Был Пан аркадским пастухом, кочевником, как все пастухи. Лето проводил в горах, а на зиму переселялся в Эфиопию. Вставал с проблесками дня и отправлялся на охоту, с которой возвращался в полдень. Подкреплялся чем придется и ложился в тени деревьев у журчащего родника, и весь лес, и поля, и холмы, и долины знали, что это «час Пана», тишину которого нельзя нарушать ни музыкой, ни пением, ни каким-либо шумом. Пастухи боялись Пана. Он напускает неожиданную панику на стада, тяжким кошмаром, как полуденный демон, опускается на спящих и бессилием отягощает их члены.

Вечером Пан играет. Вокруг него на лесной поляне танцуют нимфы. Их легкие одеяния и сиреневые тела издали напоминают белые испарения, возносящиеся среди черных древесных стволов. Пан играет на сиринге. Это его излюбленный инструмент: несколько обрезков тростника разной длины, склеенных воском в один ряд. Незамысловата его пастушеская свирель, но он не сменил бы ее на златострунную кифару Аполлона, ибо в ней есть то, чего нет в Аполлоновой кифаре, – сердце.

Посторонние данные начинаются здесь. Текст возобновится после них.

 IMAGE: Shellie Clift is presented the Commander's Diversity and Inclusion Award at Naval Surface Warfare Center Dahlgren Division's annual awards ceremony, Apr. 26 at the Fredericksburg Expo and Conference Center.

Как же может быть иначе, если эта сиринга была когда-то сладкоголосой девой? Да. Дева звалась Сирингой. Пасла коз, играла с нимфами и пела, так красиво пела! Пан увидел ее и полюбил. Не знал, что делать, что сказать ей, чтобы добиться взаимности. В итоге подошел к ней и сказал напрямую, что с этого времени по его воле козы у нее в стаде будут давать двойное потомство. Догадалась Сиринга, зачем он это говорит, и залилась смехом: хорош у нее возлюбленный – не козел, не человек. Пан разгневался и захотел взять ее силой. Неоднократно проделывал он это с нимфами, захватывая их врасплох. Но Сиринга убежала. Чувствуя сзади быстрый топот козлиных ног, она вбежала в заросшую тростником топь. Напрасно искал ее Пан, впустую срезал тростник, желая найти ее убежище. А когда удалился, то забрал с собой срезанный тростник и склеил из него музыкальный инструмент, в котором с тех пор жалобно пела печальная душа прекрасной Сиринги.

Эту первую свирель, срезанную над озером Молпея, Пан хранил в посвященной ему пещере в Эфесе. Пещера была эфесским «пробным камнем». Когда в ней закрывали девушку, сиринга начинала сама издавать чистые, ласковые звуки, и через какое-то время вход, словно под воздействием божественной силы, открывался, и девушка в венке из фиговых листьев выходила в объятия ожидающих. Если же, однако, она не была девушкой, сиринга молчала, а из глубины пещеры раздавались жалобные стенания.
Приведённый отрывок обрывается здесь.